When filmmaker Alex Sichel is diagnosed with a metastatic breast cancer, she begins a journey of healing and self discovery. She eschews most forms of chemotherapy in favour of holistic healing (she’s a proud Buddhist) and a healthy dose of positive thinking. She stresses out over her quality of life in what could be her final days and about what she will be leaving behind for her daughter and sometimes frustrated husband. Alex’s husband wants to see her happy, but he’s unsure about her methods. Her parents think everything is a terrible idea. The only thing Alex seems in control of is a film project where she has cast actress Lili Taylor as a fictionalized version of herself in a happier, sunnier alternate timeline.

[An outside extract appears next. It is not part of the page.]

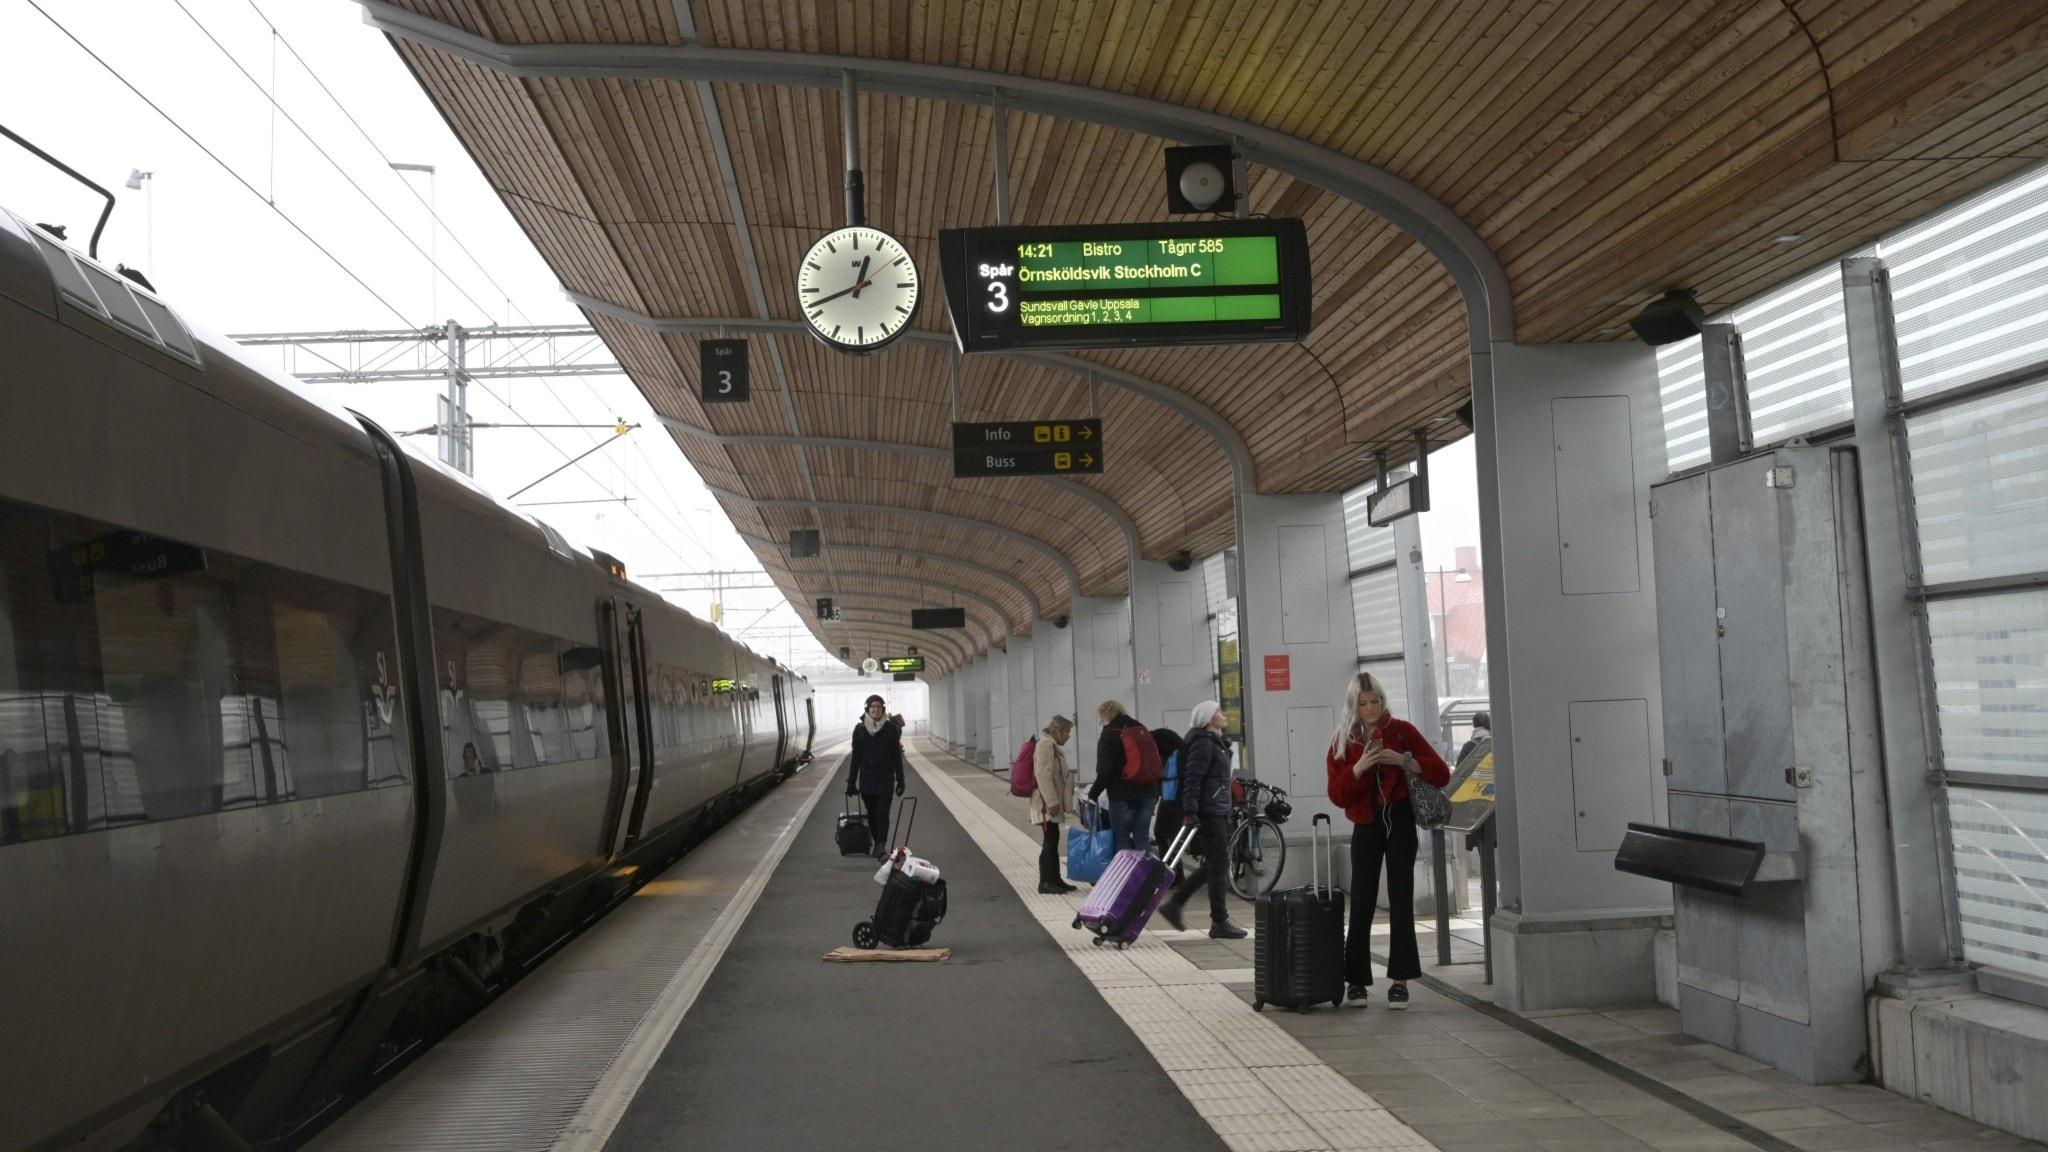 File photo of Swedish train.
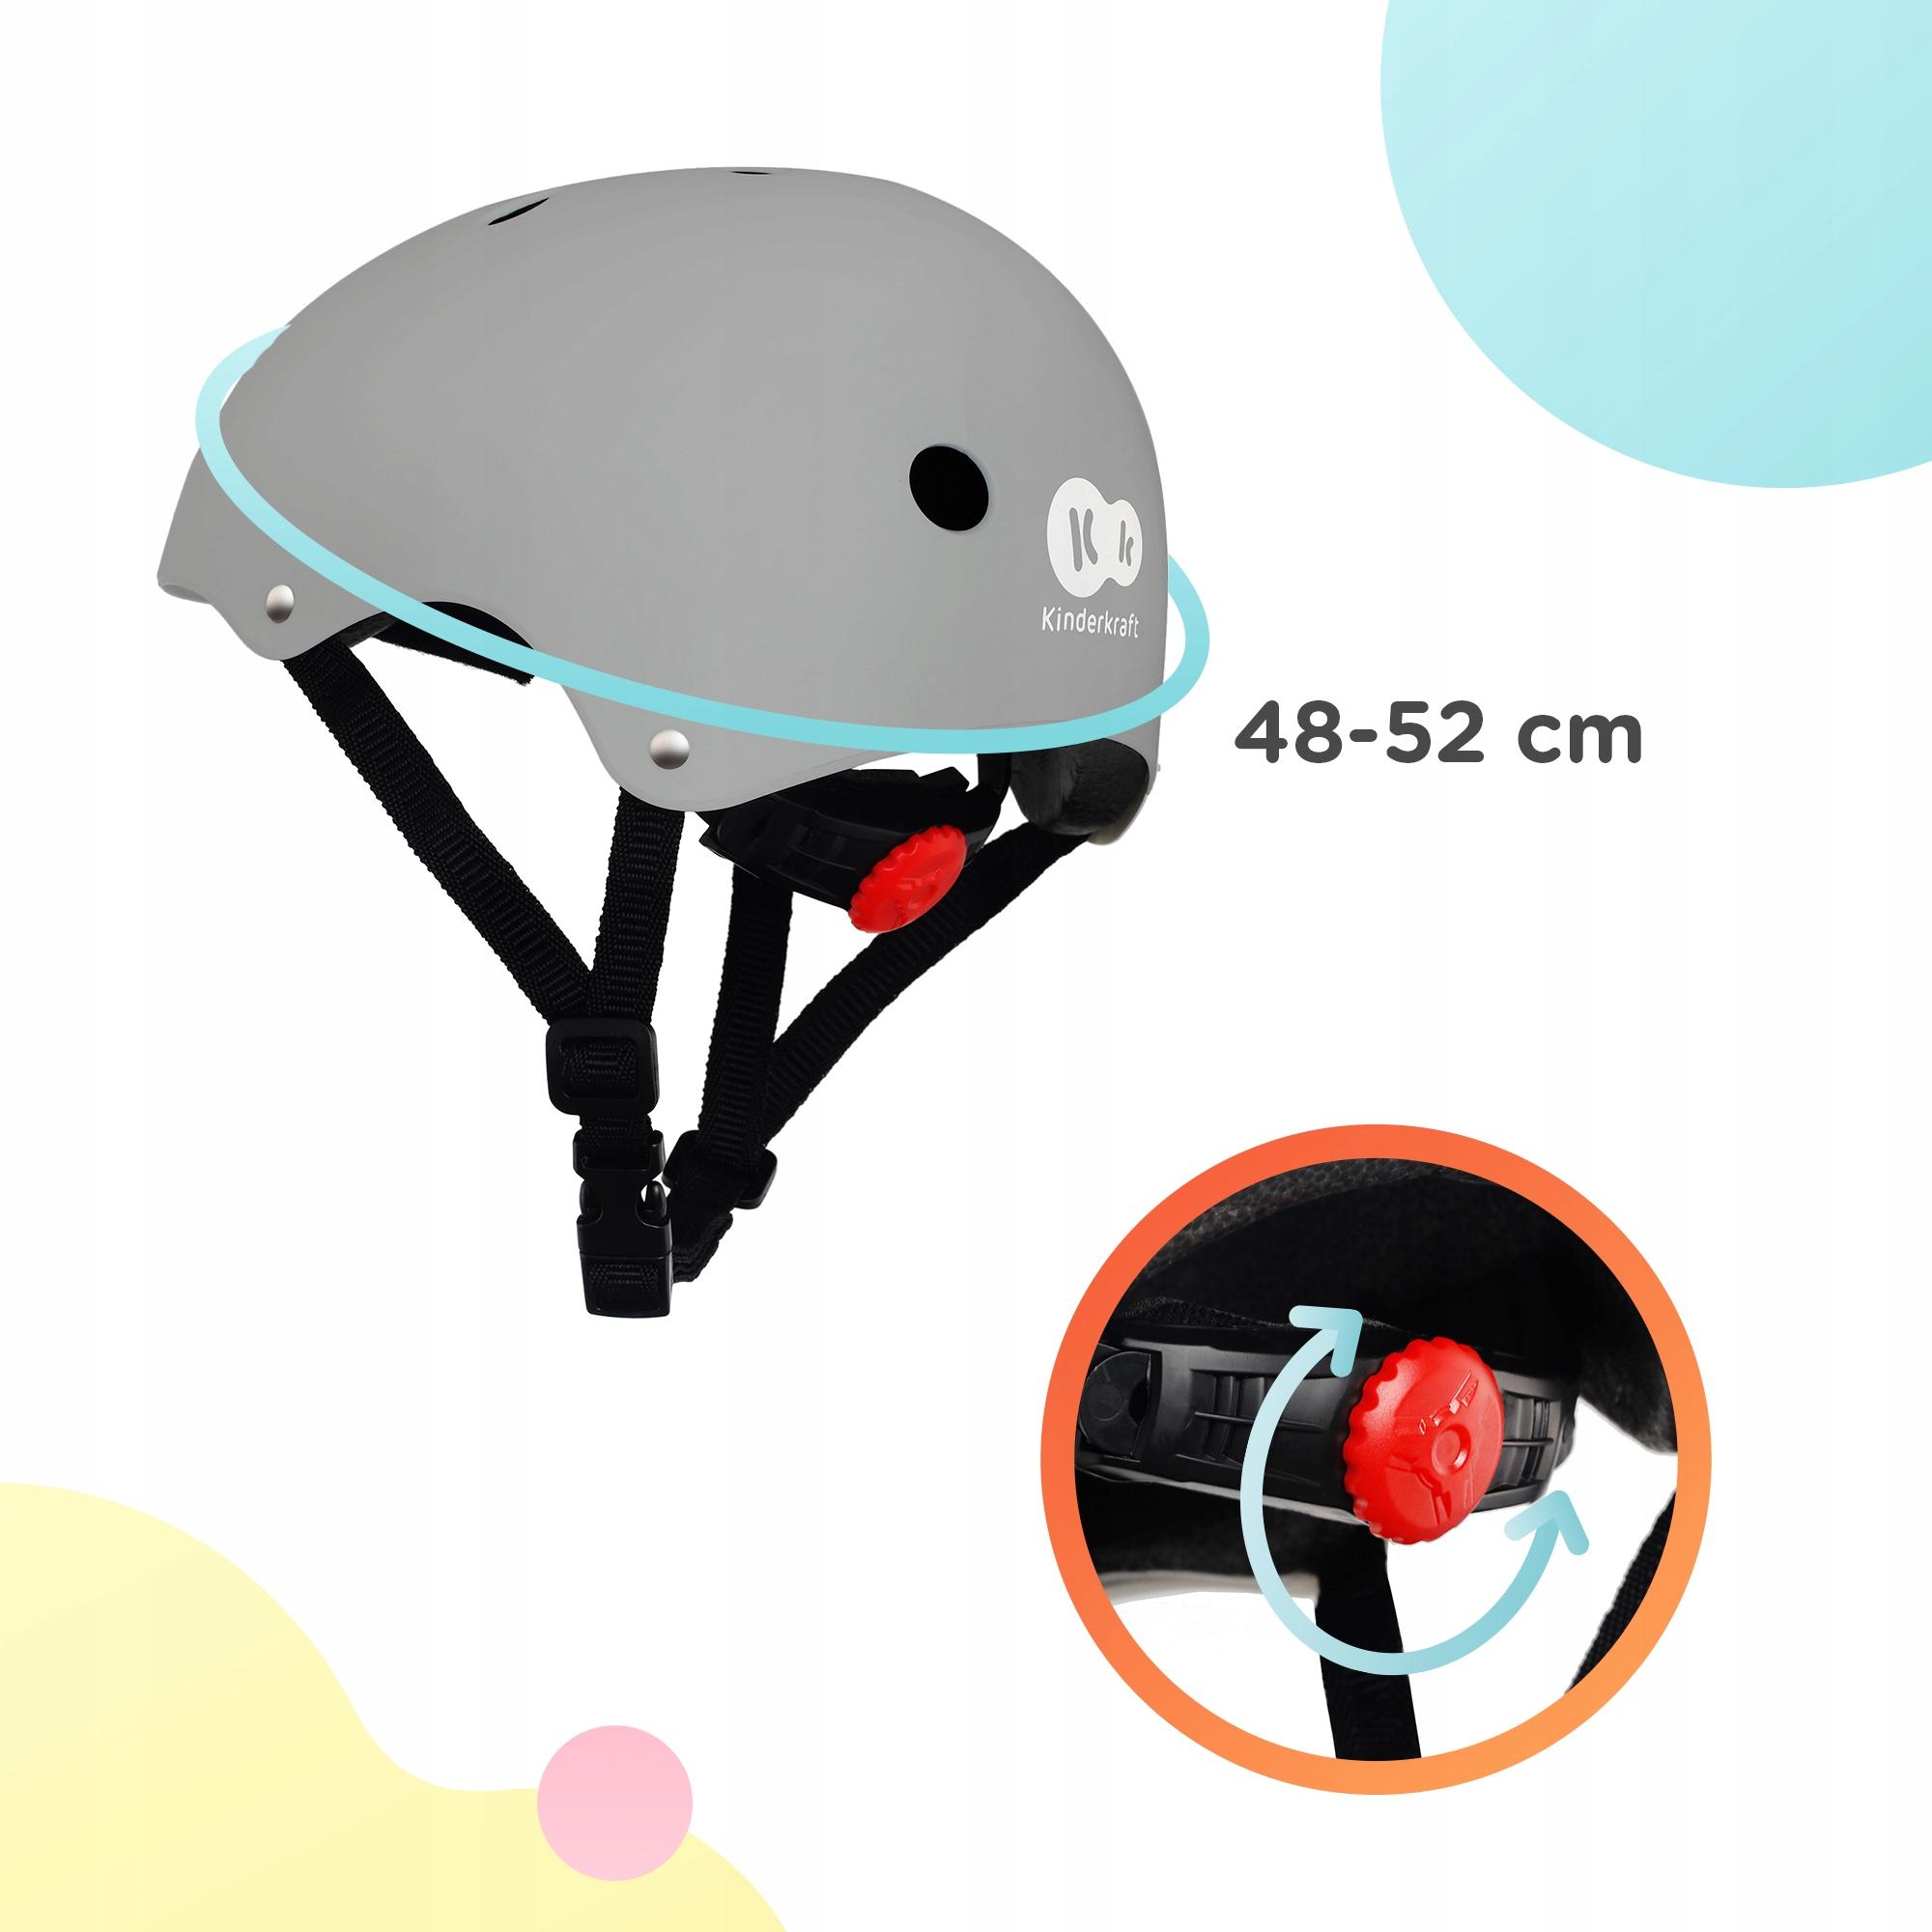 Kask rowerowy dziecięcy Kinderkraft SAFETY Marka Kinderkraft

Sichel enlisted the help of filmmaker Elizabeth Giamatti to aid in the completion of A Woman Like Me. It’s essentially three movies in one: a personal diary, a fictional film, and a behind the scenes documentary. Instead of seeming like an overstuffed mess, a great amount of care has been exercised by Giamatti to keep things relevant and on track.

Overall, the film becomes a work of pure catharsis regardless if one agrees with Sichel’s views on her treatment. Alex is clearly a strong woman that has thought long and hard about how she wants to leave an impact once she’s gone. It’s a summation of a life’s work and a deep, meditative reflection on someone coming to grips with their impending death. The bad news hits hard, and her art isn’t always imitating her life, but overall it’s a moving look at how we all deal with disappointment differently.